Elvy sabar menjawab pertanyaan puluhan wartawan yang berdesakan di depan pagar gedung Direktorat Reserse Narkoba, menanti ratu dangdut ini merampungkan penyelidikan.
Kepala Bidang Humas Polda Metro Jaya Komisaris Besar Raden Prabowo Argo Yuwono mengatakan, Elvy diperiksa sebagai saksi kasus narkoba yang menjerat lima anggota keluarganya. “Intinya menanyakan apakah ES tahu anak-anaknya menggunakan narkoba dan apakah dia tahu tentang narkoba itu,” kata Argo.
Seperti diberitakan, polisi menangkap lima orang di rumah Elvy di Jalan Dewi Sartika, Cawang, Jakarta Timur, 16 Februari lalu. Mereka dibekuk berikut barang bukti tiga paket sabu seberat 0,35 gram, 0,45 gram, dan 0,49 gram. Tiga orang yang ditangkap adalah kakak beradik anak Elvy yakni DZ, S, dan AZA. Dua orang lainnya yang ditangkap yakni CG dan M. CG adalah istri S, sedangkan M berstatus tunangan DZ.
Empat orang telah ditetapkan sebagai tersangka yakni DZ, S, CG yang sedang hamil, dan M. AZA tidak ditetapkan sebagai tersangka meskipun hasil tes urin positif karena polisi tidak menemukan barang bukti sabu padanya.
Menurut Argo, para tersangka mengaku sudah lama menggunakan narkoba. DZ memakai sabu sejak 2010, S sejak 2005, dan M mulai tahun 2008.
Kasus ini membuat rencana pernikahan DZ dan M berantakan. “Sebagai orangtua saya sangat prihatin, tidak tahu mau ngomong apa. Saya minta maaf kepada semua penggemar di seluruh Indonesia yang mungkin sangat kecewa,” kata Elvy, artis kelahiran Jakarta, 66 tahun lalu.
Pelantun lagu “Bisik-bisik Tetangga” itu menuturkan, ia sibuk menjadi juri dalam sebuah acara di televisi. Setiap hari, ia selalu pulang ke rumah dalam kondisi sangat lelah. Elvy berharap, kasus yang menimpa keluarganya cepat diproses.
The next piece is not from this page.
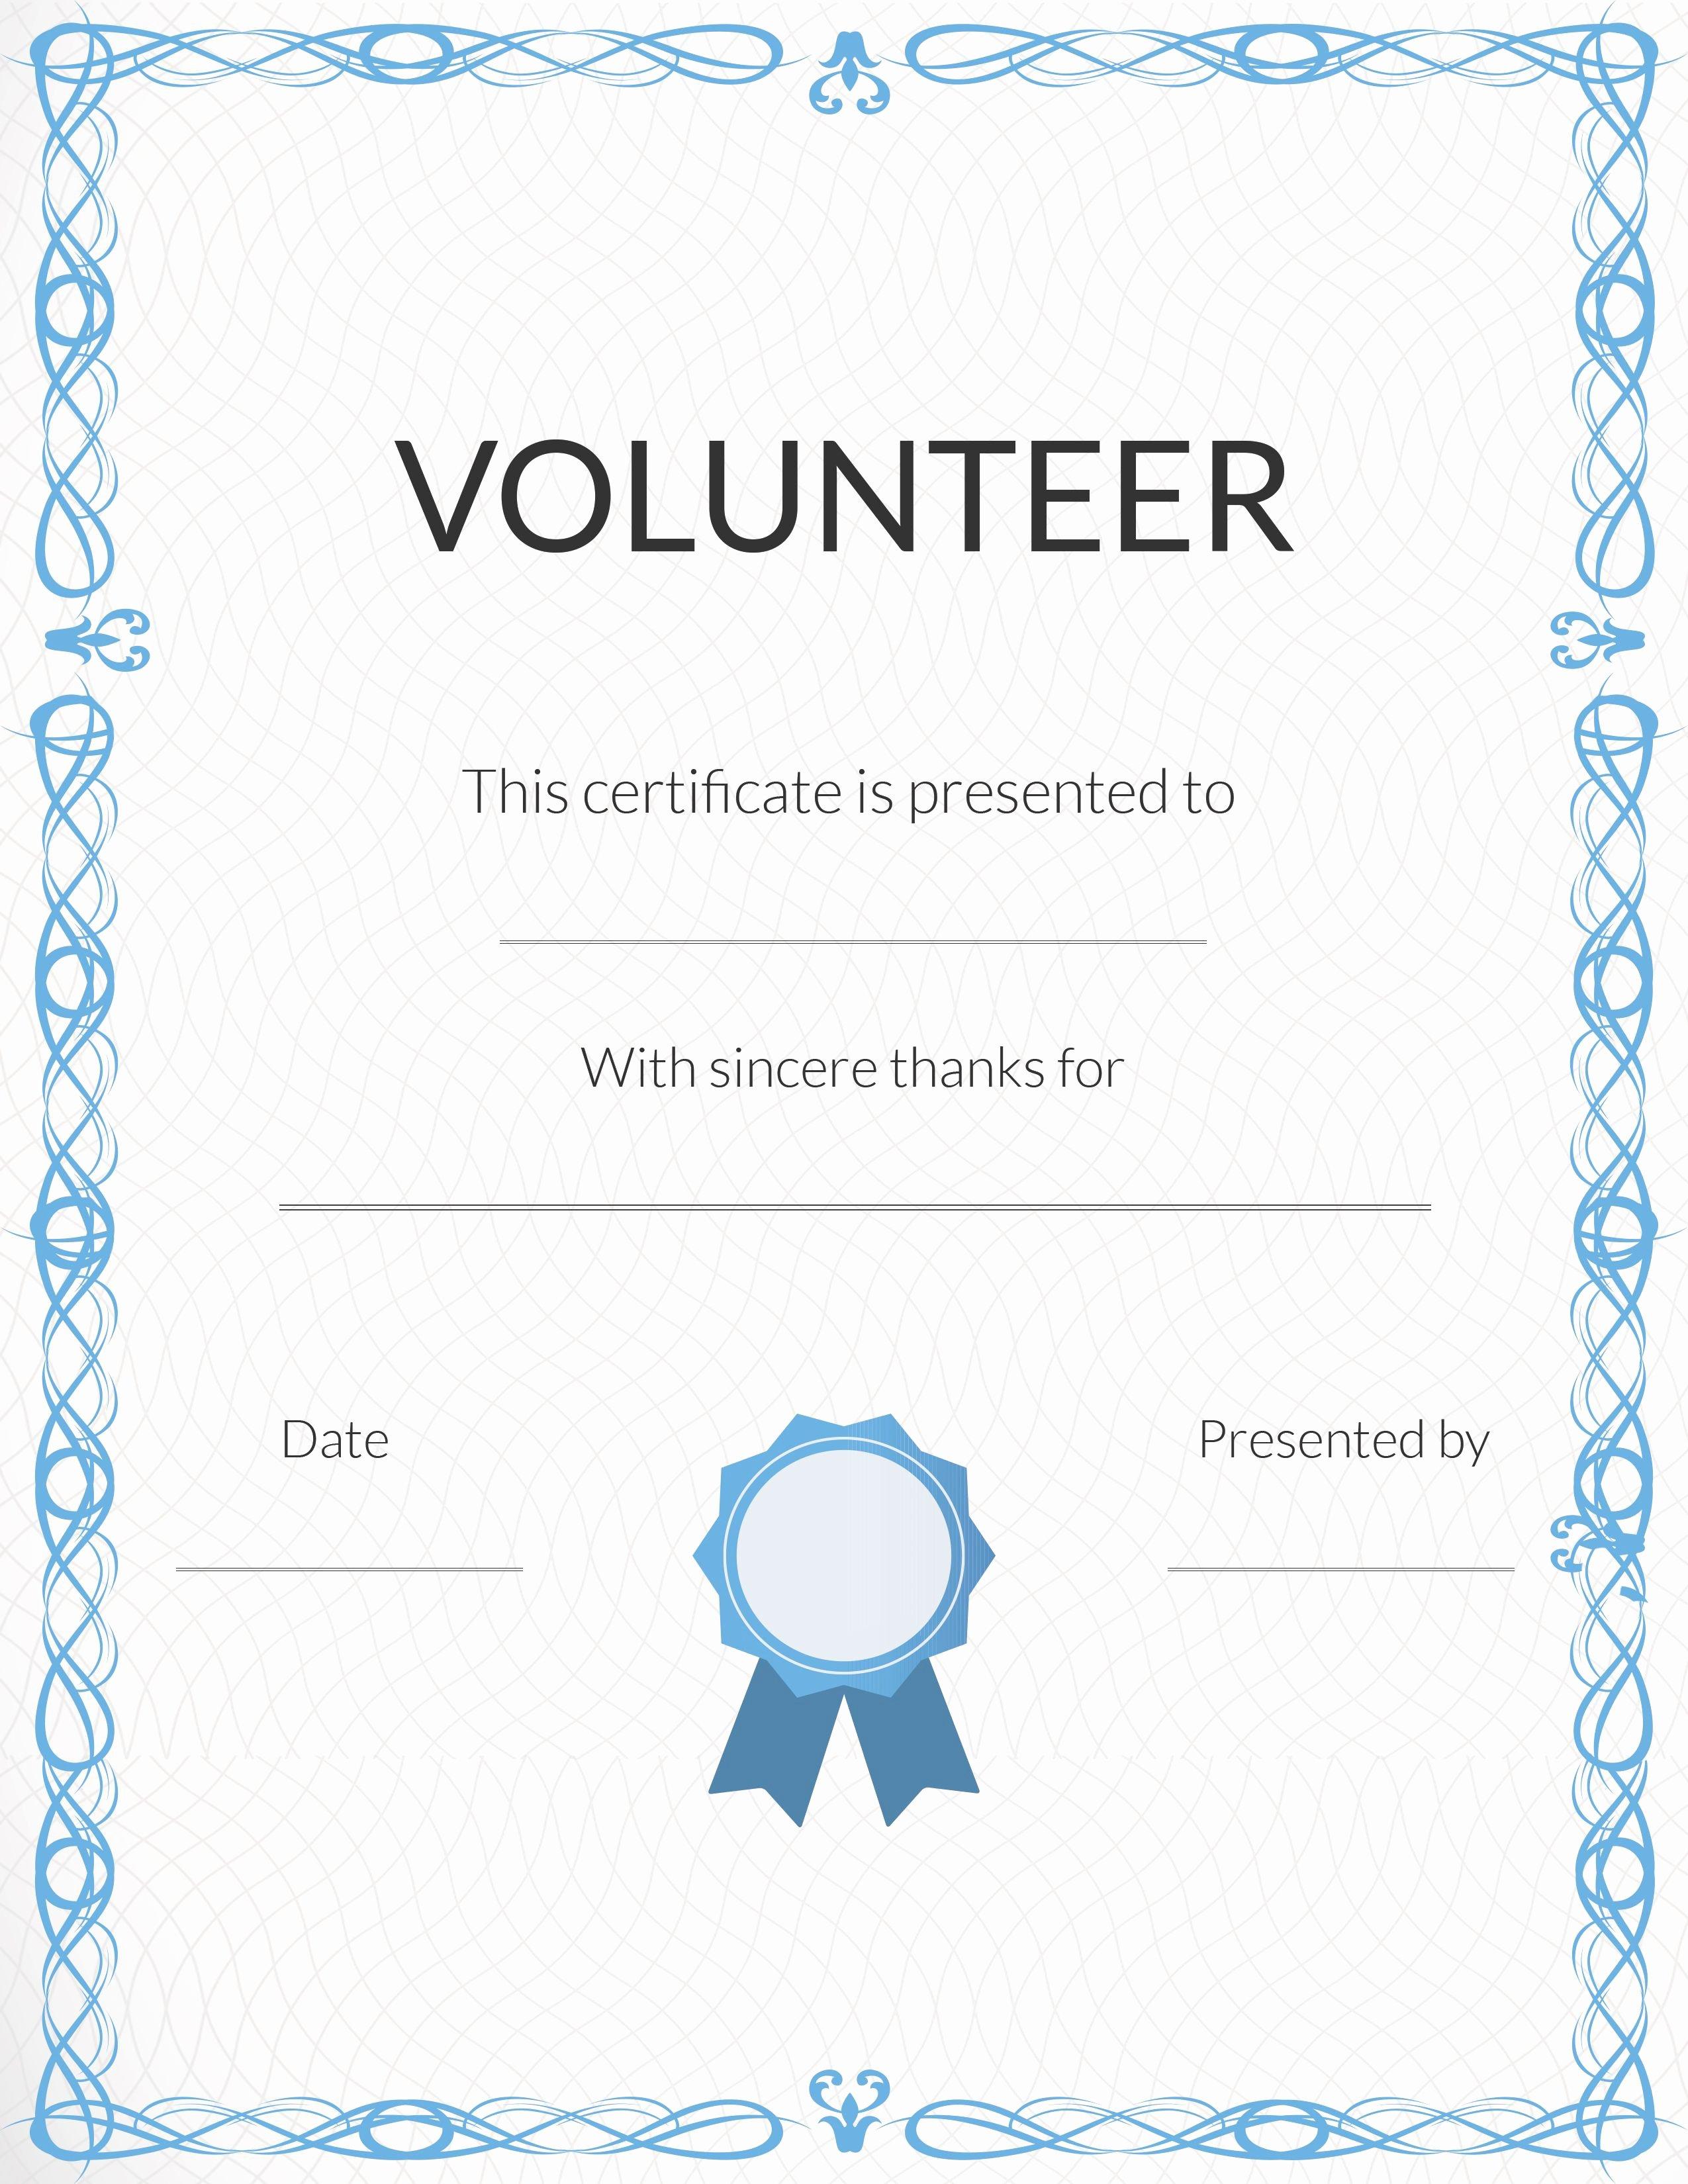 Volunteer Appreciation Certificate Template Inspirational Free Volunteer Appreciation Certificates — Signup

“Kamar saya dengan kamar anak-anak cukup jauh. Saya jarang bertemu anak-anak. Mereka bukan anak kecil yang selalu saya kontrol. Ke depan, saya minta anak-anak datang ke kamar saya untuk berbicara,” ujarnya.
Koordinator Nasional Persaudaraan Korban Napza Indonesia (PKNI) Edo Agustian mengatakan, faktor penyebab keluarga Elvy menggunakan narkoba tidak bisa disimpulkan tanpa menggunakan perangkat assessment (pengujian).
Saat ini ada beberapa perangkat yang digunakan BNN untuk menilai penyebab atau tingkat permasalahan pengguna narkoba. Perangkat itu antara lain Addiction Severity Index (ASI) yang digunakan Tim Assesment Terpadu (TAT). ASI adalah wawancara mendalam mengenai berbagai aspek dalam kehidupan pecandu. Tujuannya untuk membantu proses rehabilitasi.
Jangan hanya artis
Edo mengatakan, seharusnya yang menjadi target penangkapan polisi tidak hanya pengguna seperti artis. Polisi juga harus menyasar bandar kelas kakap atau produsen narkoba di dalam negeri.
“Apakah ada maksud lain di balik penangkapan artis itu? Misalnya untuk mendapat nama besar, mendapat kenaikan pangkat, menimbulkan rasa takut kepada masyarakat, atau ada hal lainnya?” tanyanya.
Menurut Edo, penangkapan tidak terjadi dalam semalam. Ada proses pemantauan dan memastikan sasaran benar-benar tepat. Selain itu memastikan ada barang bukti saat penangkapan. Rasanya tidak mungkin polisi tidak tahu sasarannya adalah artis.
Edo berpendapat, penangkapan artis belum tentu menimbulkan efek jera. Hukuman mati pun tidak membuat kasus narkoba menurun. Tahun 2008, Indonesia menghukum mati dua penyelundup narkoba dari Nigeria. Namun, kasus narkoba tahun 2009 meningkat menjadi 30.878 kasus dari tahun 2008 (29.364 kasus).
Sebelum meninggalkan Polda Metro Jaya, Elvy pasrah. “Ini jadi pelajaran. Tidak boleh main-main dengan barang terlarang (narkoba). Semoga ke depan mereka menjadi anak-anak baik”, ujarnya.